Часы, самые любимые из всех тех миллионов моих часов. Поглаживания почти незаметного пушка на твоем животе. Воткнувшись носом в кожу, вдыхать твой аромат, напоминающий запах корицы и ванили в том маленьком кафе, где мы сидели, не говоря ни слова, боясь облачить свои мыли в равную одежды обыденности, тем самым, нарушив окружающую нас обстановку.
Дома, дороги, пешеходы, скрипящий снег под ногами, комок терпкого дыхания в теплых ладонях. Набережная, лавки, магазины, где все так красиво. Поцелуи, следы от которых навсегда останутся на твоих черных волосах. Покусывания ног, твоих хрупких, тоненьких ног, соприкасающихся лишь к низу спины.
Улица, согретые автобусы, тиканье часов, ритм зимнего города, готовящегося к праздникам и именно по этому таково спешащего и в тоже время счастливого. Наконец вонзиться в плоть, обхватив руками бедра и грудь.

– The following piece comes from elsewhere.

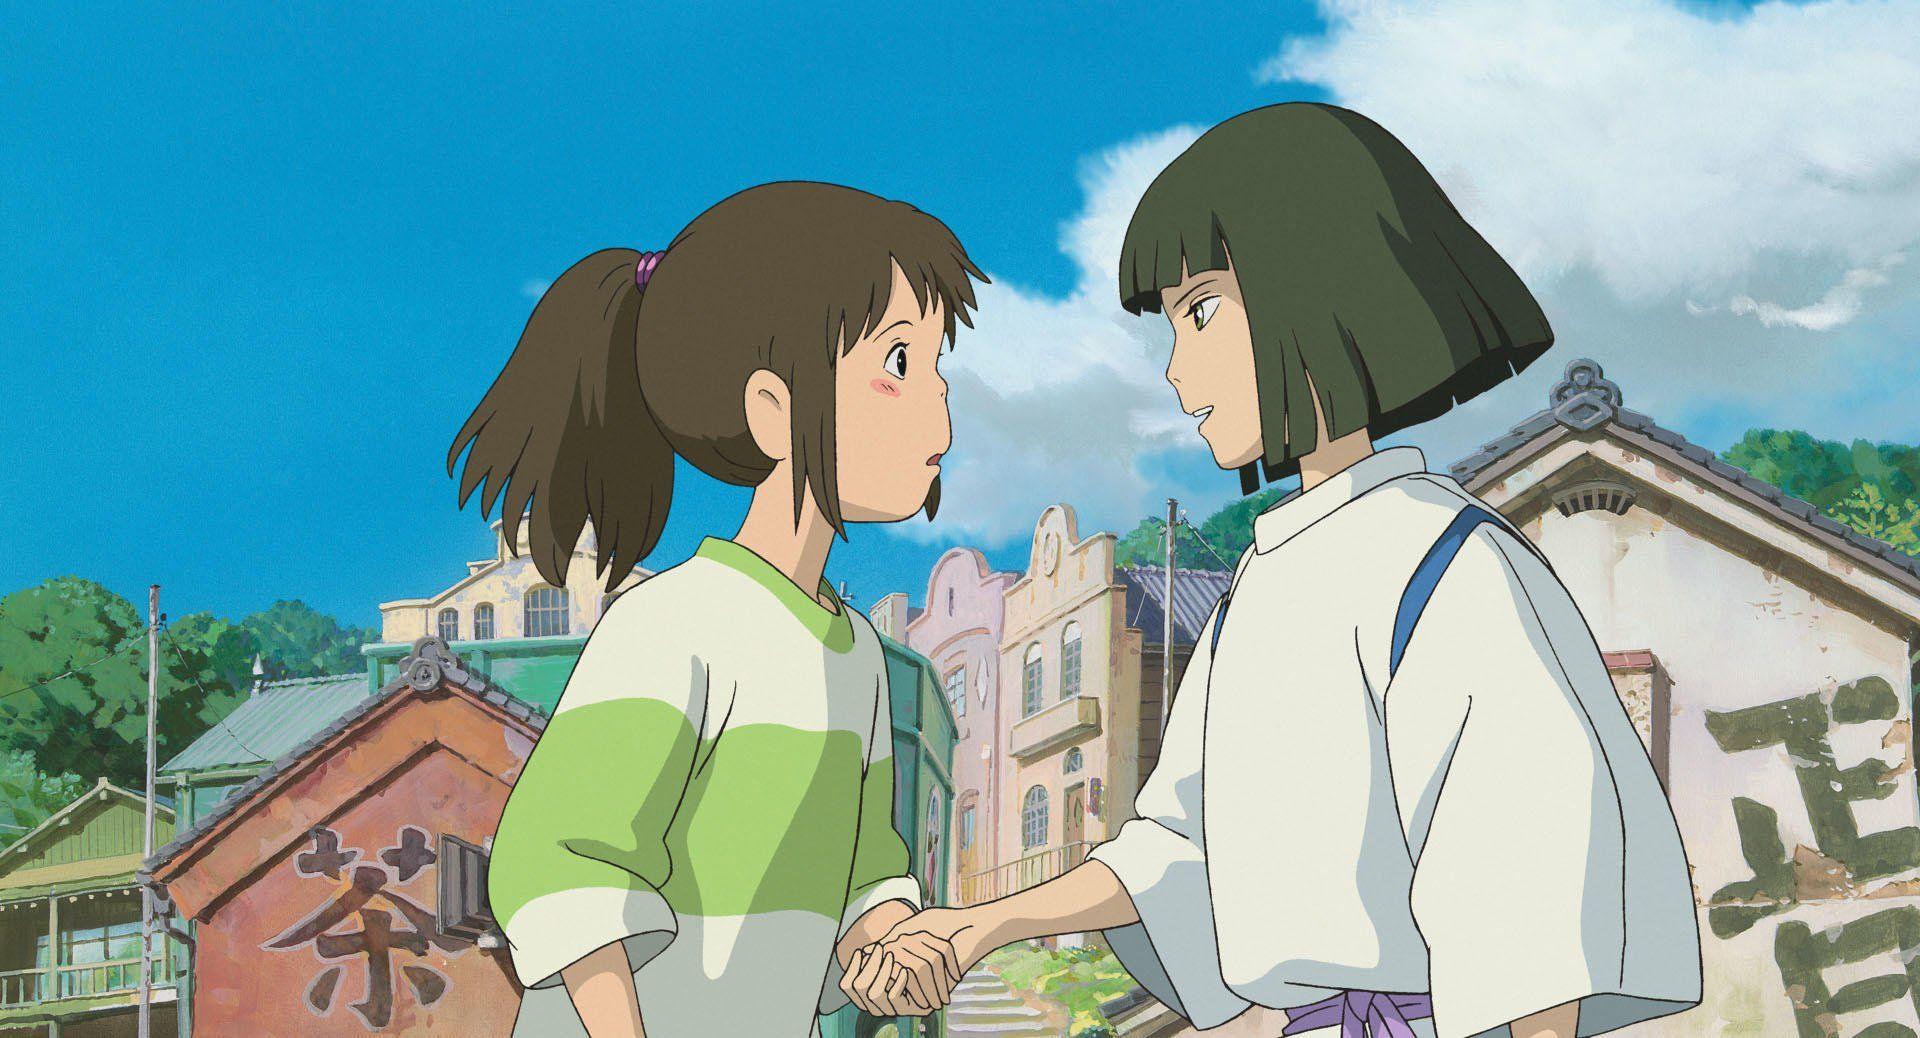 Studio Ghibli's Free To Use Image Library | MATCHA - JAPAN TRAVEL WEB MAGAZINE

Свет от фонаря, спускающаяся ночь, одинокие незнакомцы, идущие в обратном направлении, шепот твоих черничных губ и сладкая чушь перед сном.
Пыль, вздымающаяся от ног, ощущающих резкой болью каждый камешек на земле. Колосья пшеницы колющие ноги. Следы на тропинке. Обжигающий ветер, набросившийся на волосы и треплющий их как безумная фурия.
Пот, запекающийся от пылающего солнца, как хлебная корка покрывает все тело, едва выделяется через поры кожи. Топот копыт и огромные рваные следы на спине. Пыль, забивающаяся в ноздри и блокирующая дыхание.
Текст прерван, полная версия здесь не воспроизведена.